Scientists are using neutron radiation to look inside solid steel and analyse the stresses within rail tracks. This research will ultimately improve the safety and operational and repair efficiency of heavy-haul railways.
The wheels of heavily laden trains place considerable rolling-contact loading on rail tracks. The heavy loads can change the material properties near the running surface and within the railhead—causing “fatigue”. A number of serious incidents, including derailments, have been attributed to rail failures resulting from rolling-contact fatigue and accumulated residual stress.
Bragg Institute instrument scientist Dr Vladimir Luzin is looking at fatigue in insulated rail joints (IRJs) within a research project initiated by the Cooperative Research Centre for Rail Innovation. IRJs are an integral part of rail track systems, but they are also weak points, and their replacement is the single largest track maintenance cost in New South Wales, apart from ballast work.

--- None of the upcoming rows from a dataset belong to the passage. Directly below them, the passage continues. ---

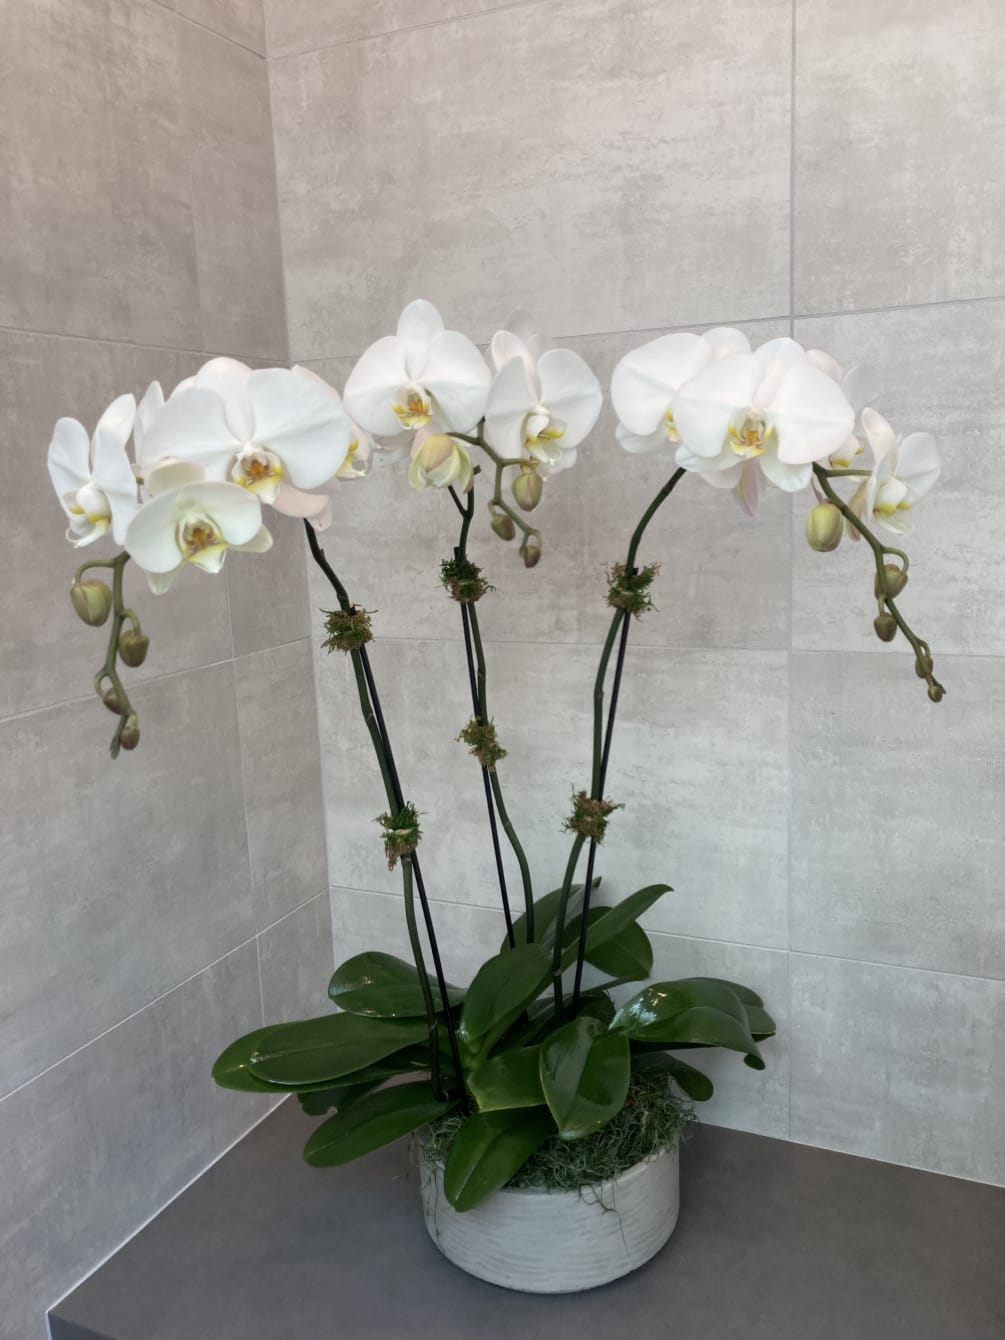 3 stems of white phalaenopsis orchids elegantly dress in a container. Containers
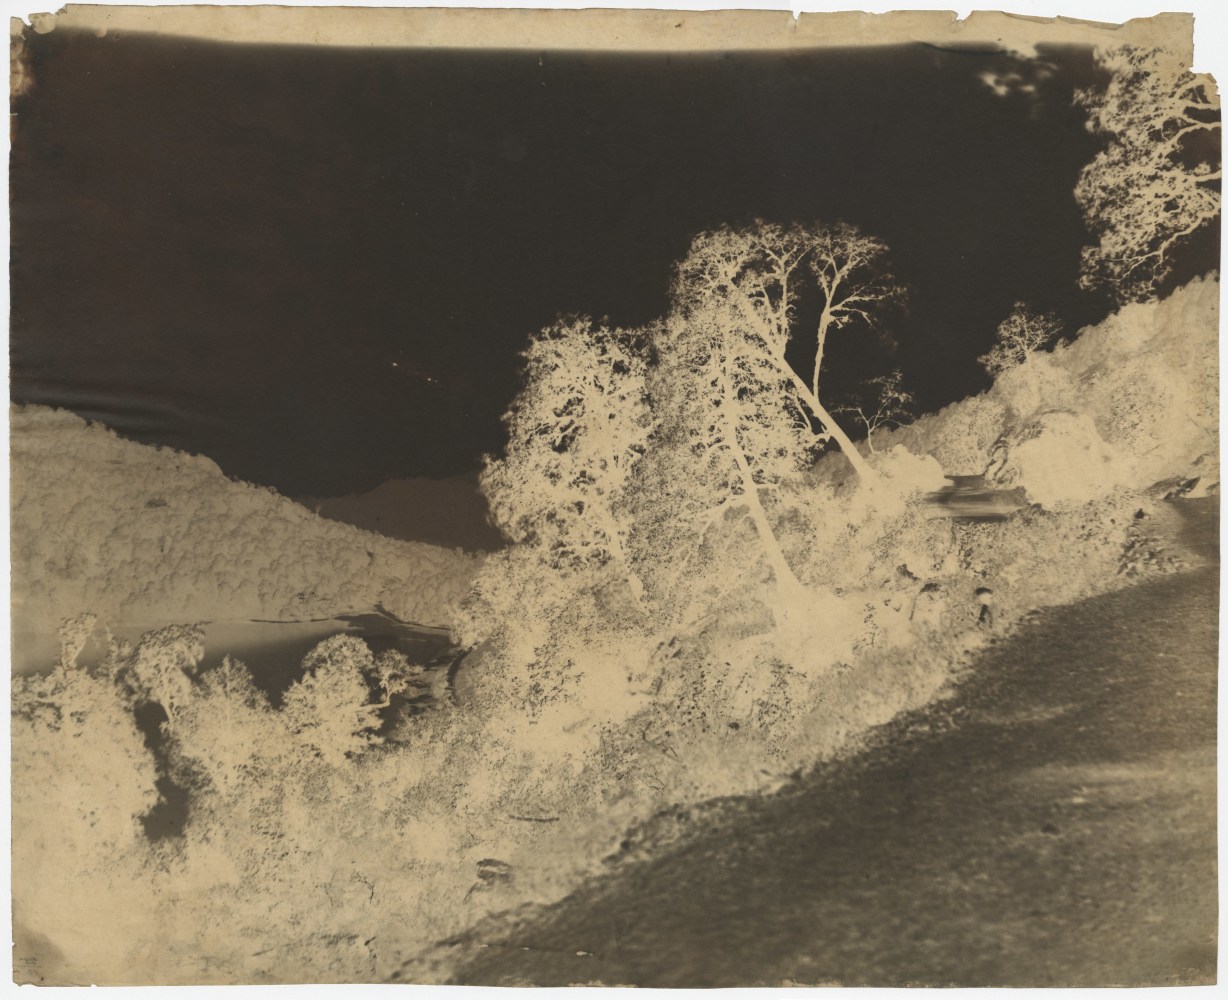 Dr. John MURRAY (Scottish, active in India, 1809-1898) View of lake, India, circa 1858-1862 Calotype negative, waxed, with selectively applied pigment 38.2 x 47.2 cm Inscribed &quot;25/12&quot; in ink on verso
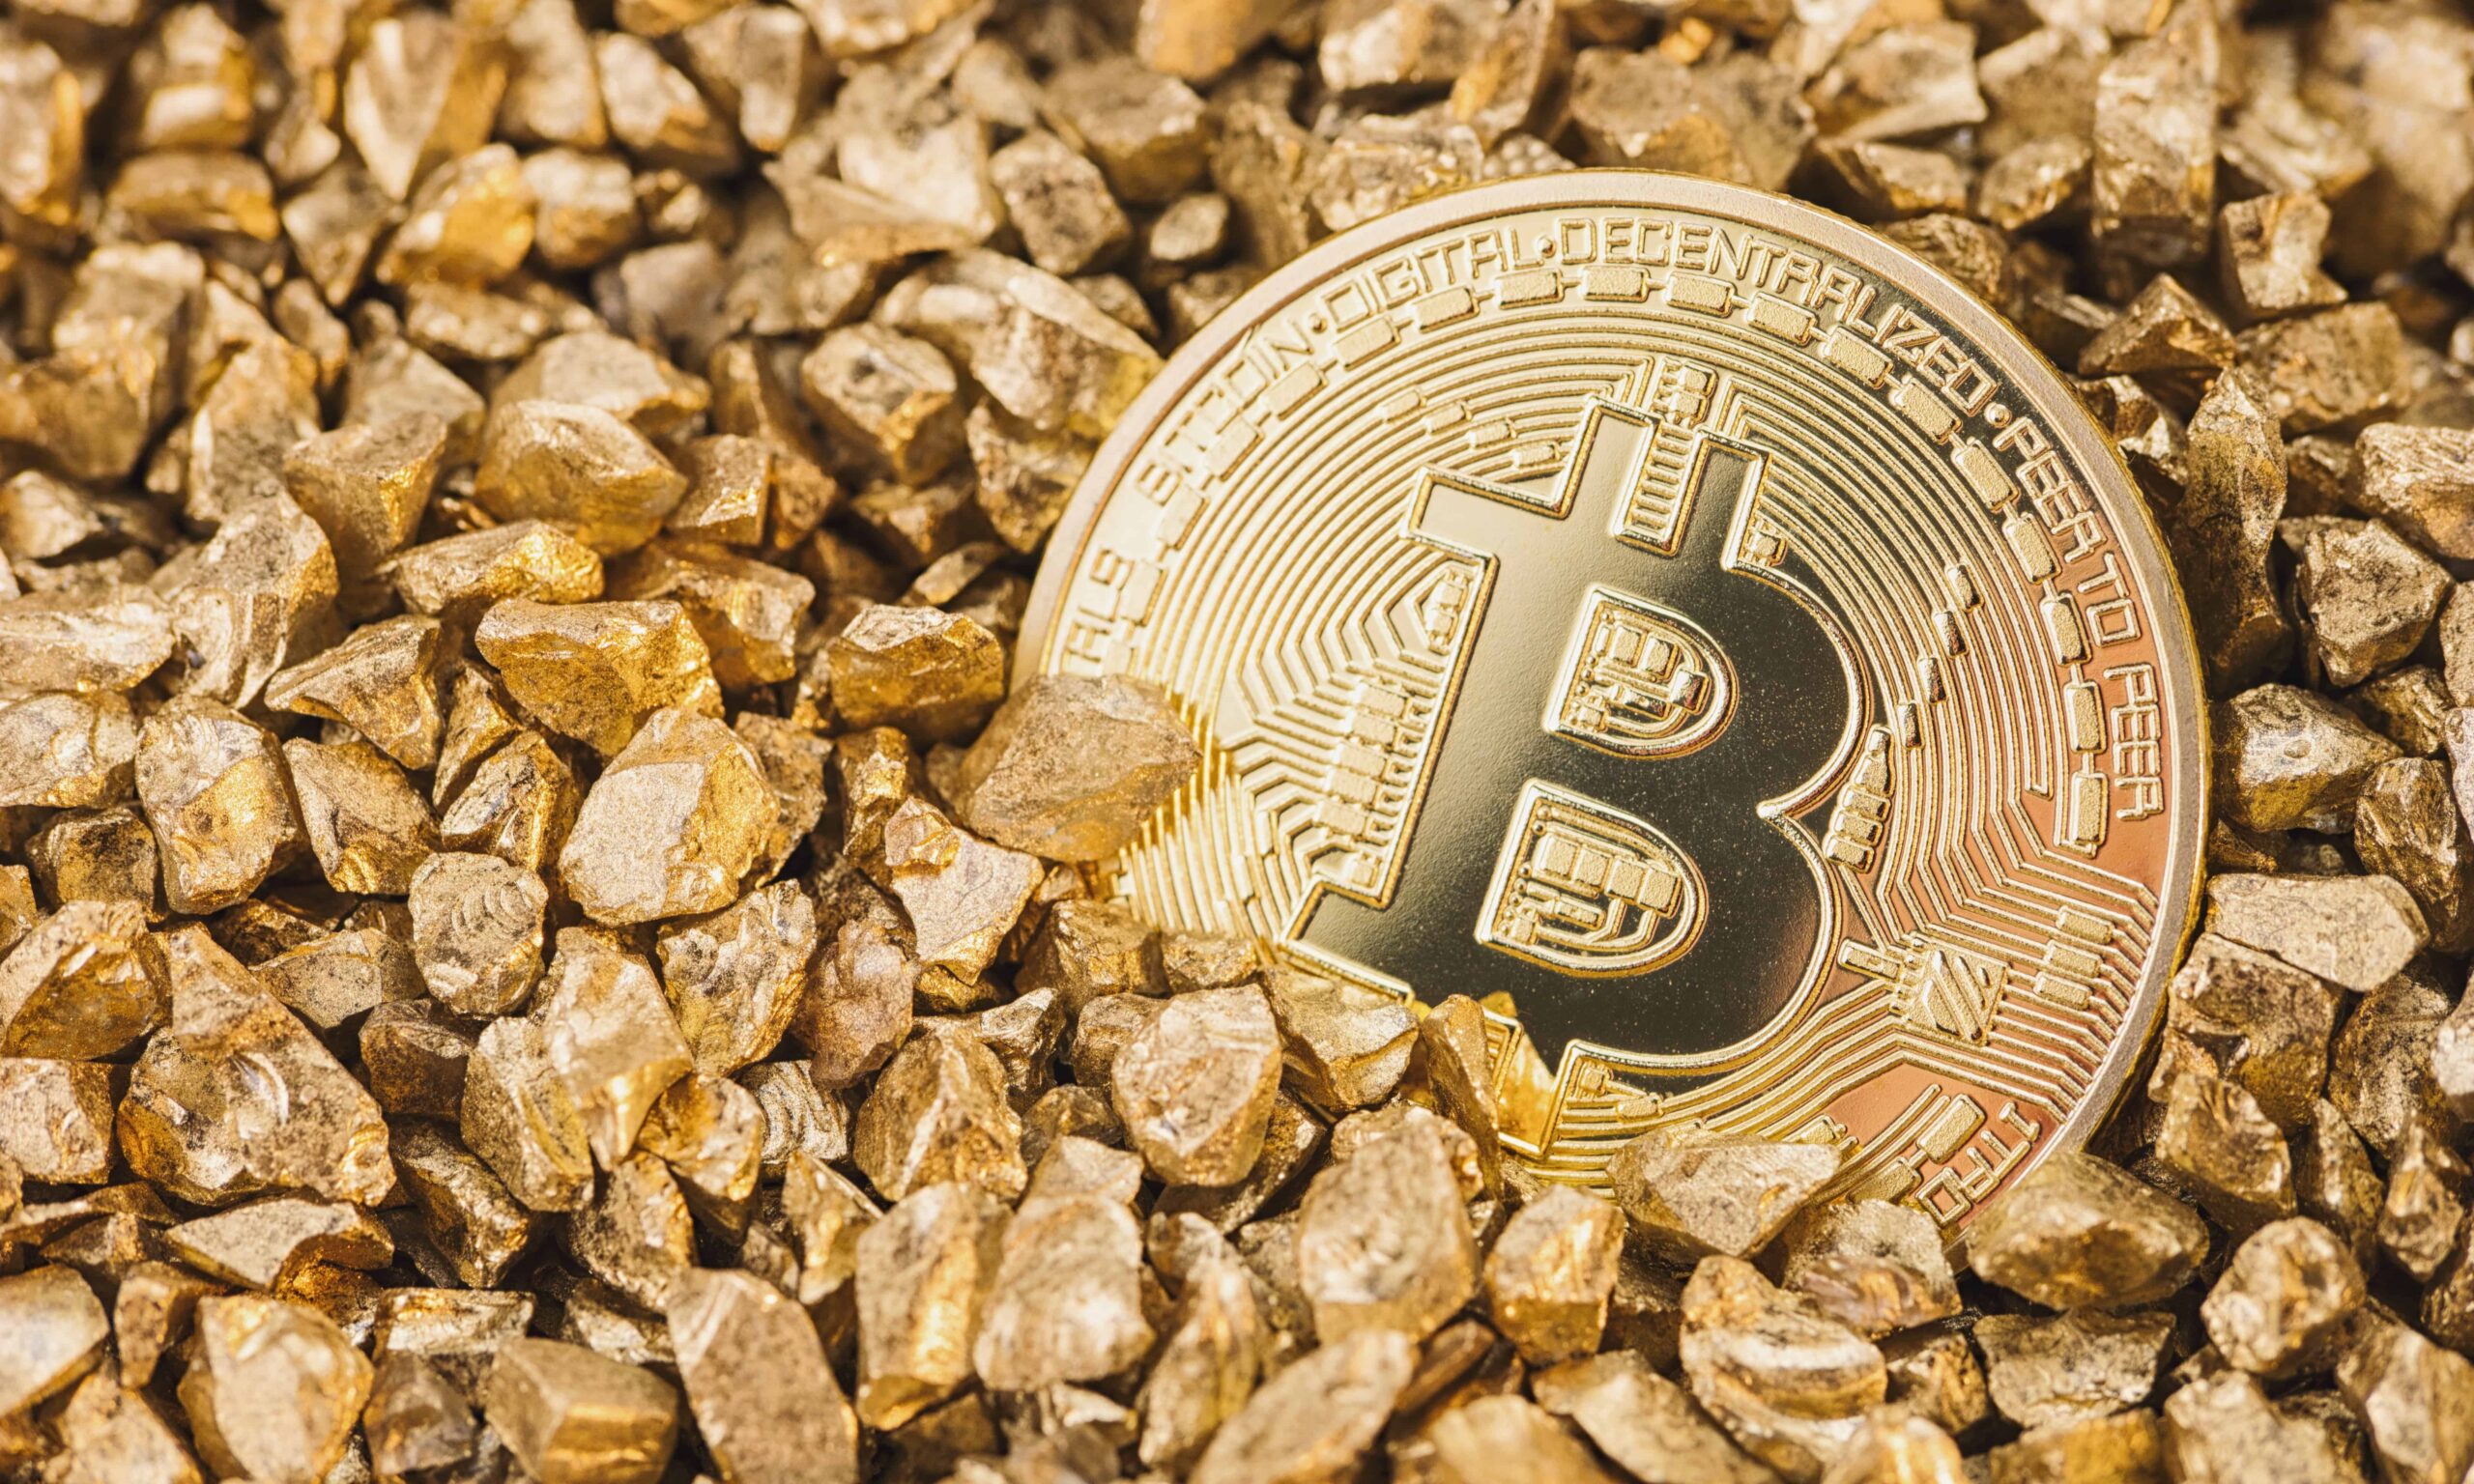 bitcoin virtual cryptocurrency in a heap of gold nuggets bitcoin hype concept image ideal for websites and magazines layouts scaled
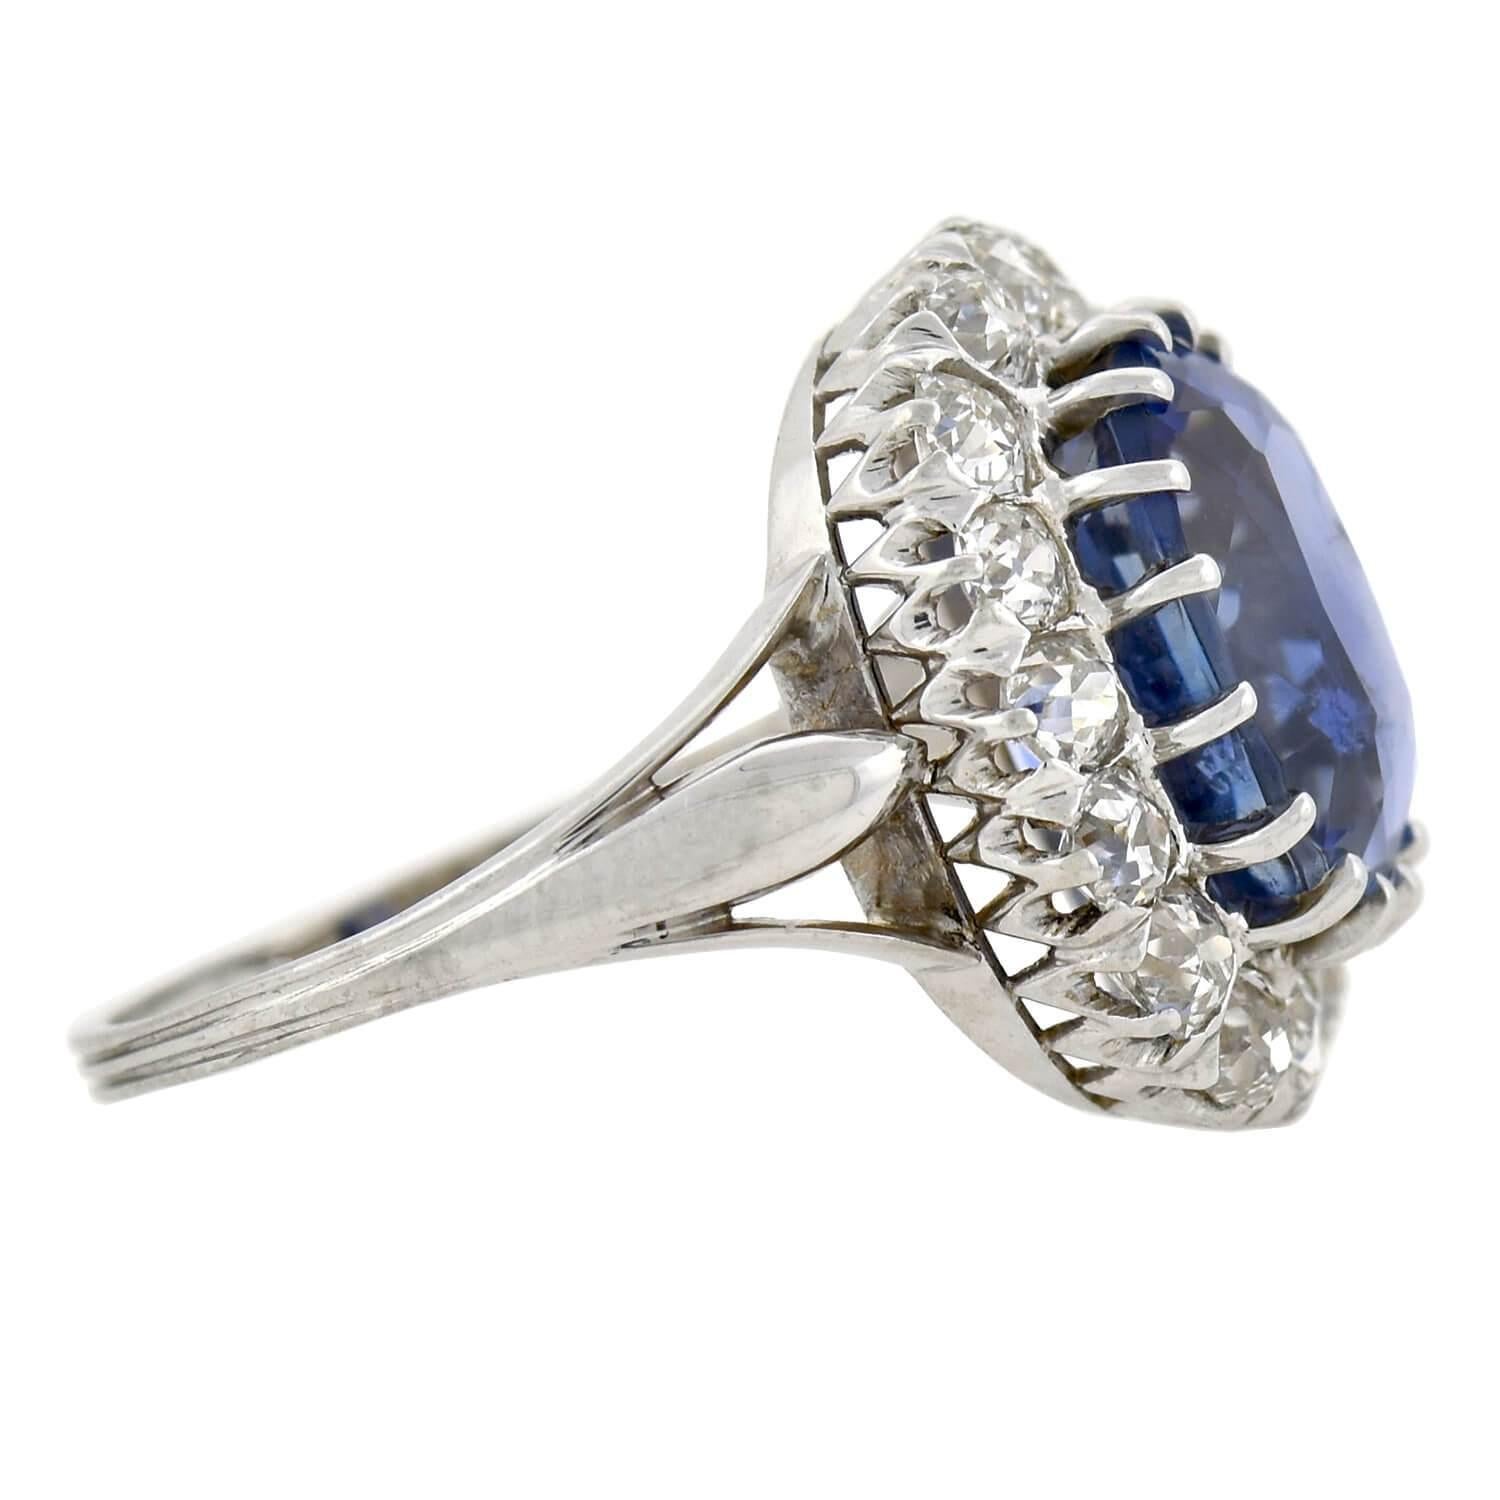 A truly spectacular sapphire and diamond ring from the Art Deco (ca1925) era! This Swedish-made piece is crafted in platinum and adorns an approximately 5.10ct Ceylon sapphire at the center of a sparkling diamond border. The stunning multi-prong set

“When a rail comes out of a factory it has already some residual stress,” explains Vladimir. “Now we are looking at the atomic level to see how these stresses develop through the life of the rail joints.”
Vladimir uses neutron diffraction to see how residual stresses evolve through different production steps and during service. The beauty of neutrons is that they can penetrate steel—unlike X-rays—and they can be used to map the stresses inside the rail components non-destructively.
Manufacturers and operators want to control and minimise these stresses. This research, backed by modellers and metallurgists, will help industry partners cut costs, modify production methods and develop rails of a quality and strength that can handle increasing loads.